*** Opening Data to use ***

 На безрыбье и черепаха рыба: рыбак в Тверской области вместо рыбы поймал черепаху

*** Closing Data to use ***
*** Opening Data to use ***

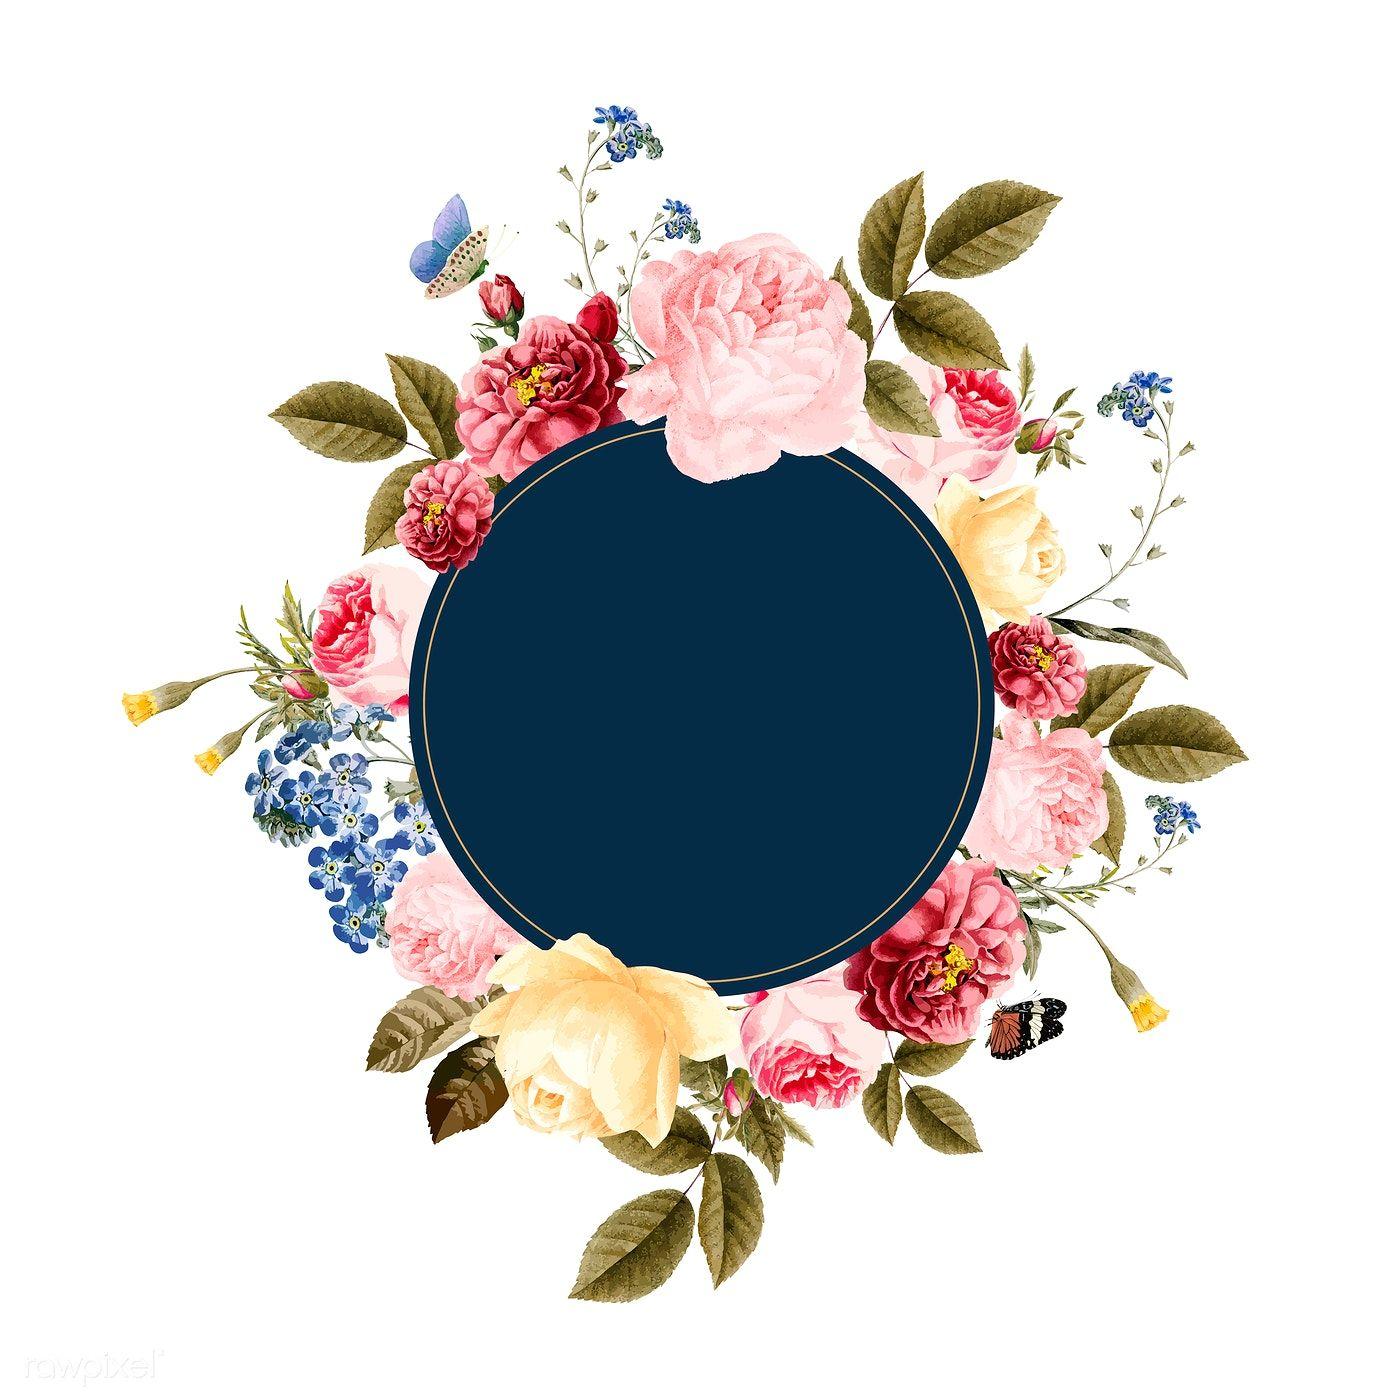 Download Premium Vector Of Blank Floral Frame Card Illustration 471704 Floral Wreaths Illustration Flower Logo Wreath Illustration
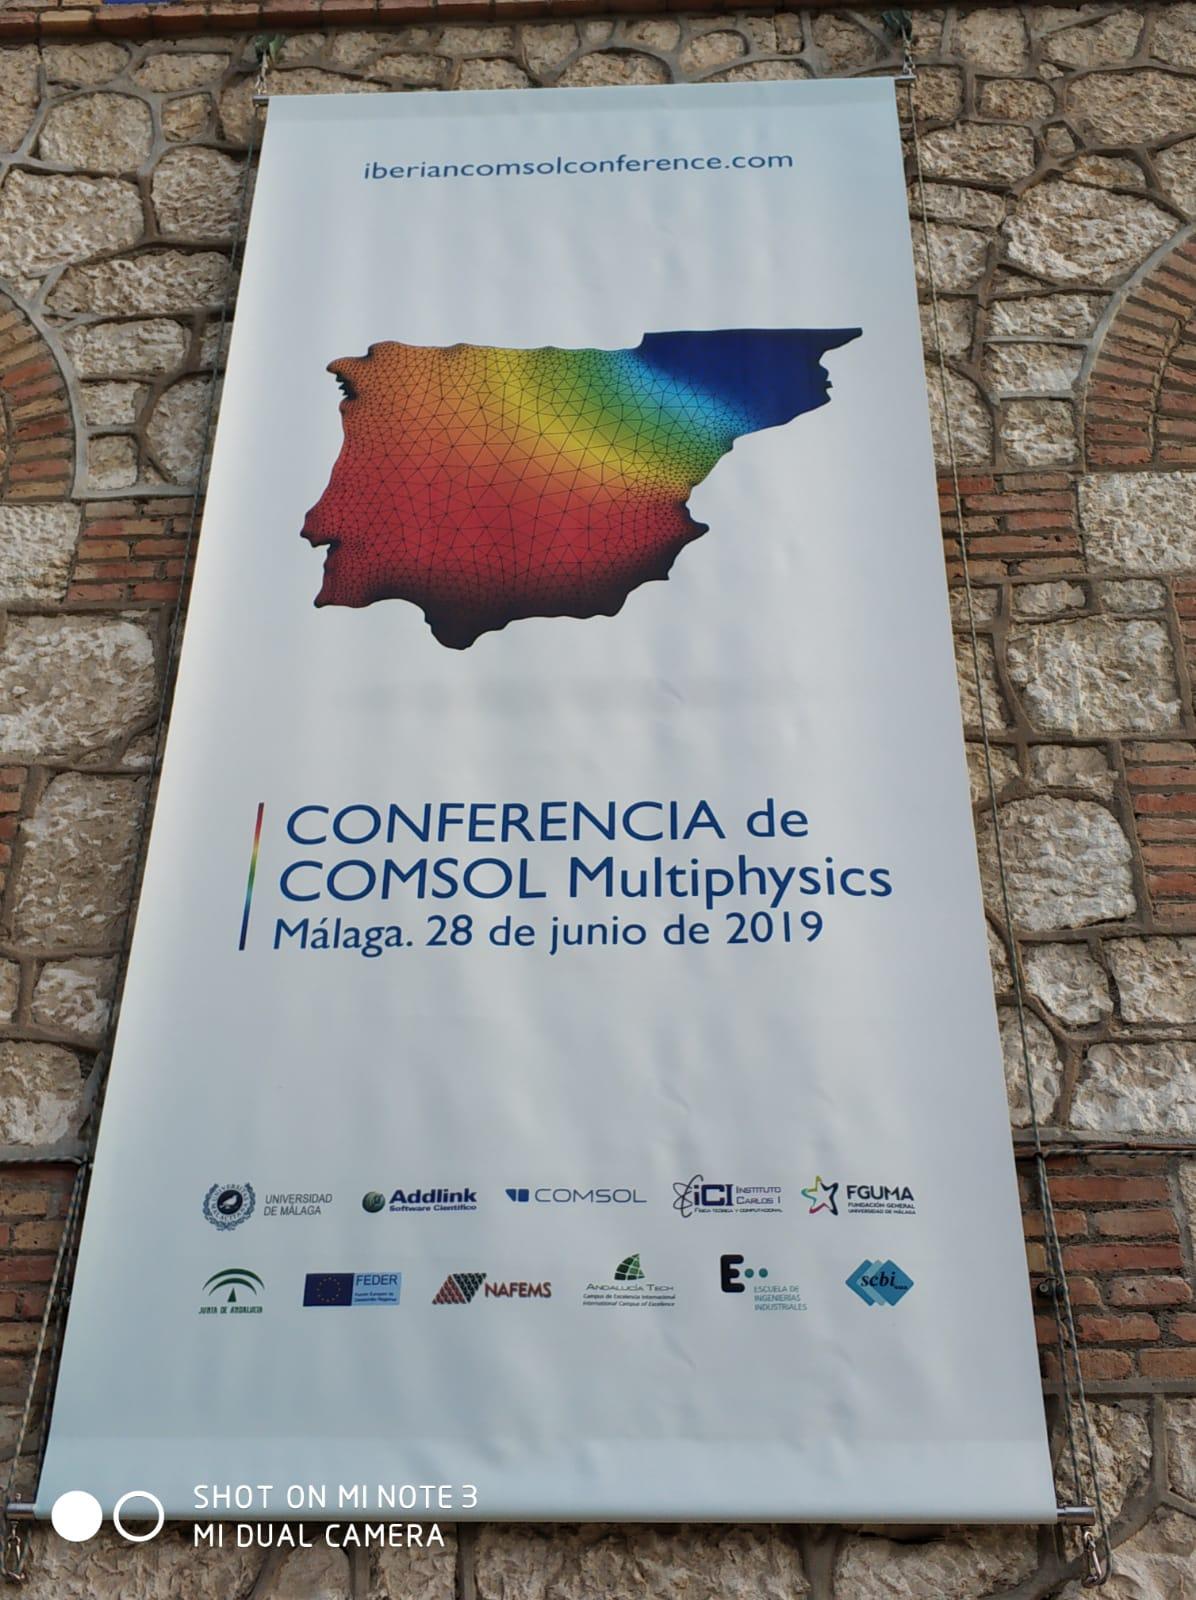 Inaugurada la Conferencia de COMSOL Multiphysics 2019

*** Closing Data to use ***

> [Assignment]
Both boundary lines included, write out word for word only the lines above from the one containing "Download Premium Vector" to the one containing "Inaugurada la Conferencia", leaving out any pictures.

> [Expected answer]
 Download Premium Vector Of Blank Floral Frame Card Illustration 471704 Floral Wreaths Illustration Flower Logo Wreath Illustration
 Inaugurada la Conferencia de COMSOL Multiphysics 2019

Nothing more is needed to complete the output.